Method-agreement heatmap. Top four rows solid steel blue across all three methods; bottom five (noise) solid orange. Urban_pop and democracy split blue (LASSO/WALS) vs orange (BMA).
BMA PIP vs WALS \(|t|\). Upper-right quadrant = robust by both (the core four). Urban_pop and democracy: high \(|t|\) but PIP < 0.80 — BMA’s conservatism made visible.
Estimates vs true coefficients, faceted by method. Points on the 45° line = perfect recovery. GDP lands on the line for all three; trade network is overshot by all (low-variance regressor).
| Method | Sensitivity | Specificity | Accuracy |
|---|---|---|---|
| BMA | 57.1% | 100% | 75.0% |
| LASSO | 85.7% | 100% | 91.7% |
| WALS | 85.7% | 100% | 91.7% |
Zero false positives across the board; the gap is in catching the moderate true effects.

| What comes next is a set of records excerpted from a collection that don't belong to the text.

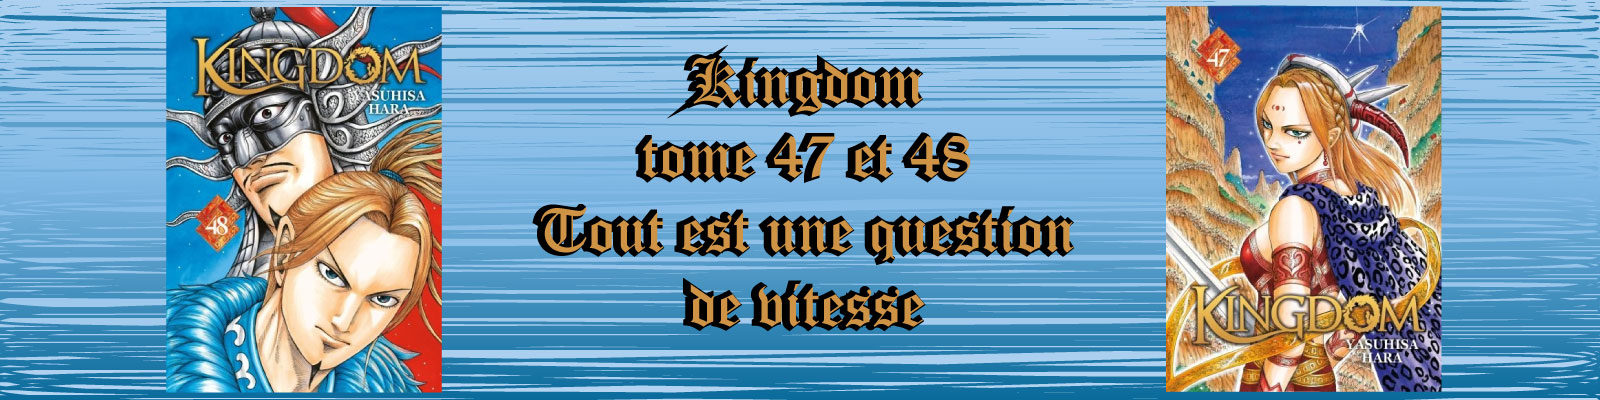 Kingdom-Vol.-47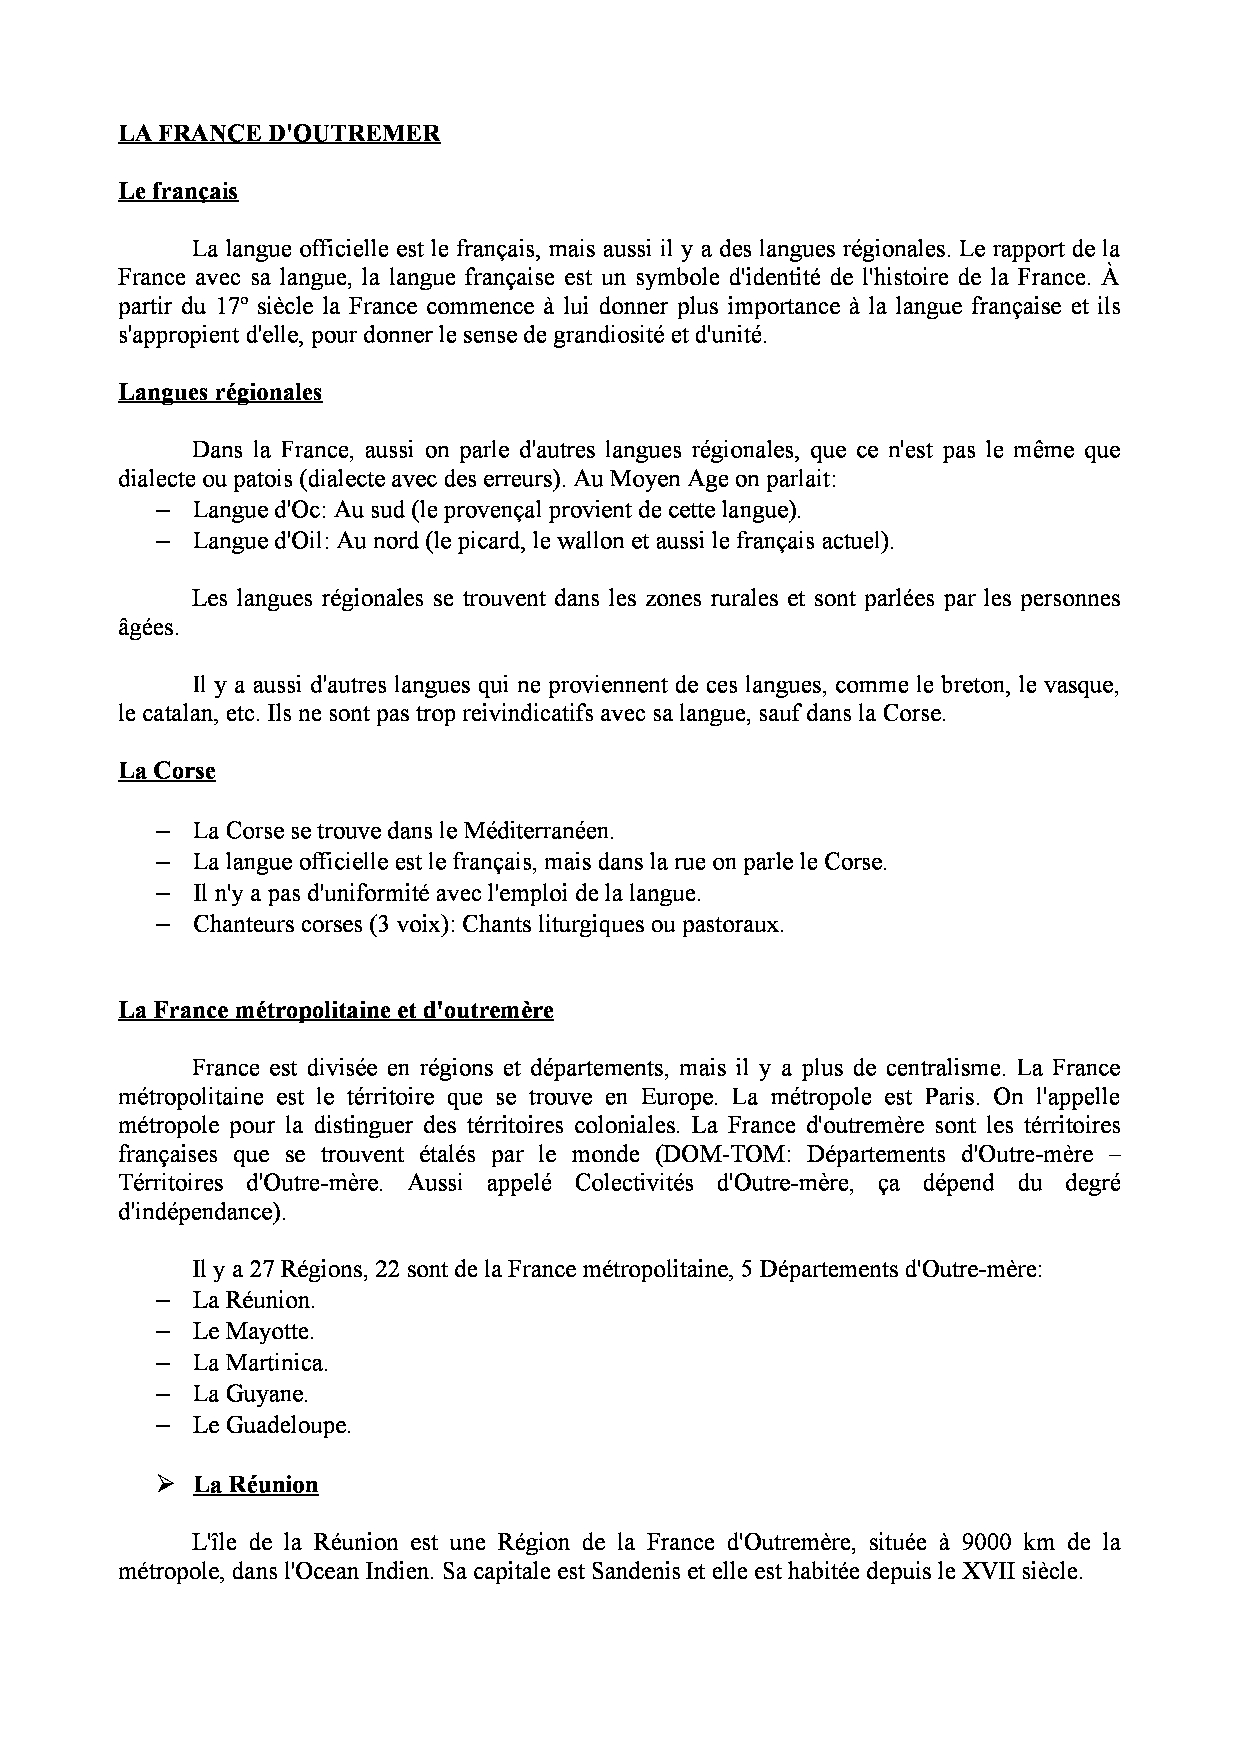 La France D'outremer - Apuntes De Idioma Francés - Docsity destiné Les 22 Régions De France Métropolitaine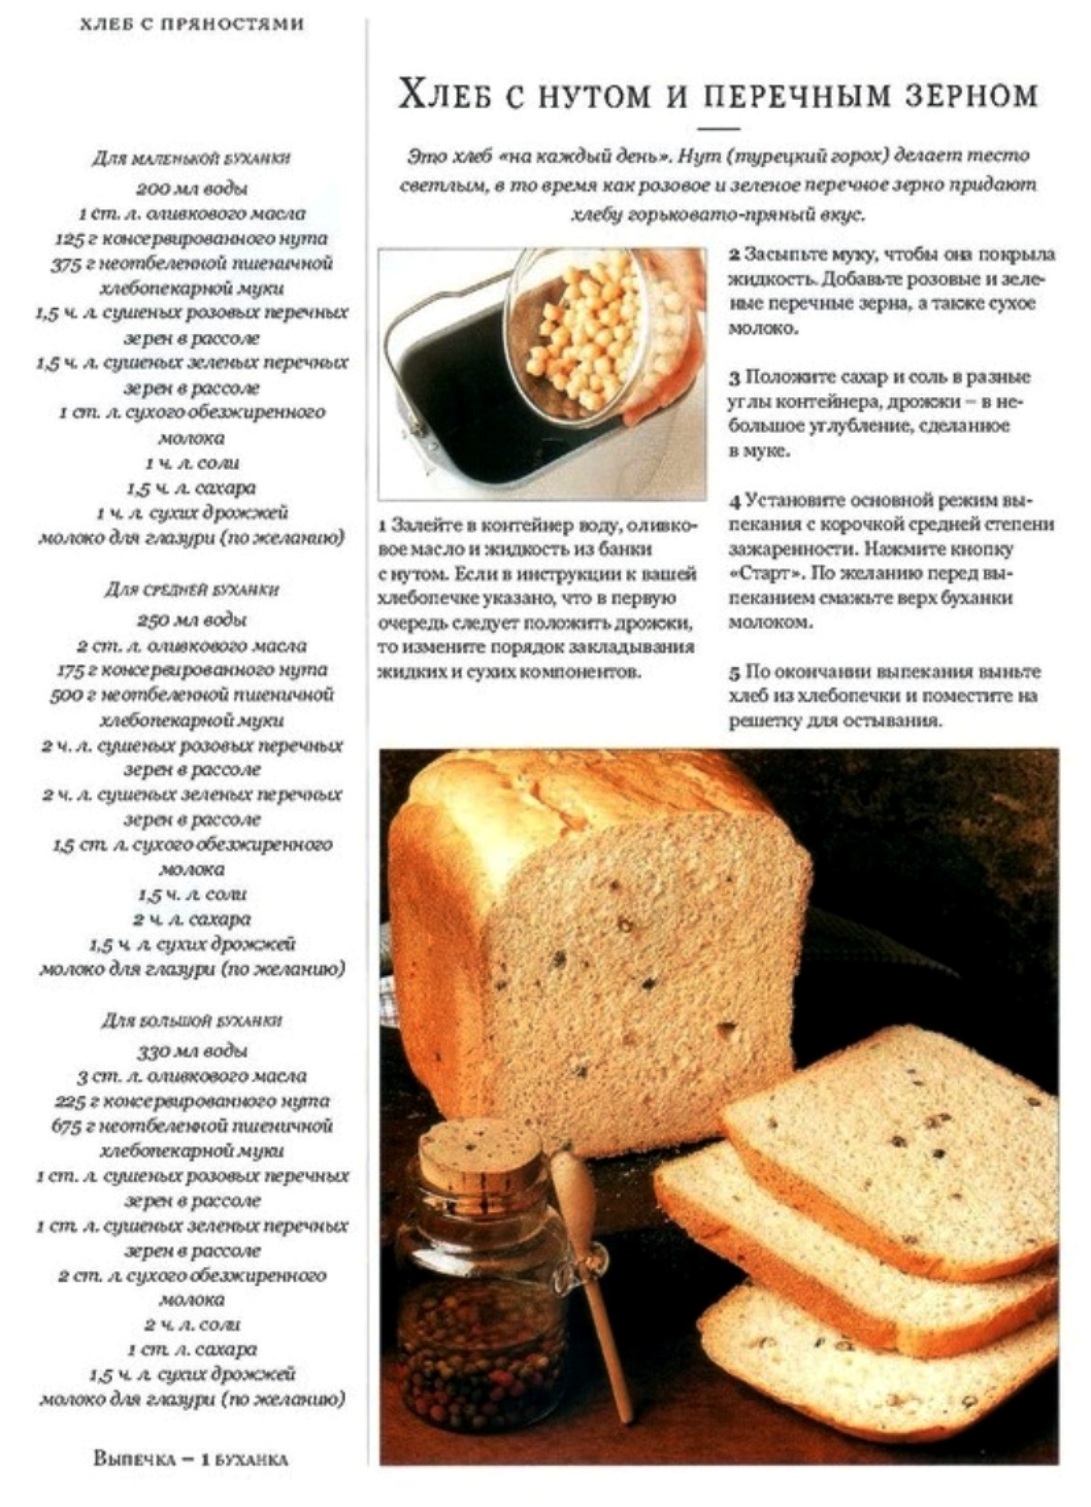 Рецепты пошагово хлеба в хлебопечке. Рецепт хлеба. Выпечка хлеба в хлебопечке-рецепты. Хлеб из хлебопечки. Рецепт хлеба в хлебопечке.

Objection. Agreeing across three methods still can’t manufacture a causal effect.
Response. Correct. Triangulation buys robustness of selection, not identification. These coefficients are conditional associations; causal claims would still need exogeneity, no confounding, and correct functional form. The synthetic answer key validates the methods, not a CO\(_2\) policy.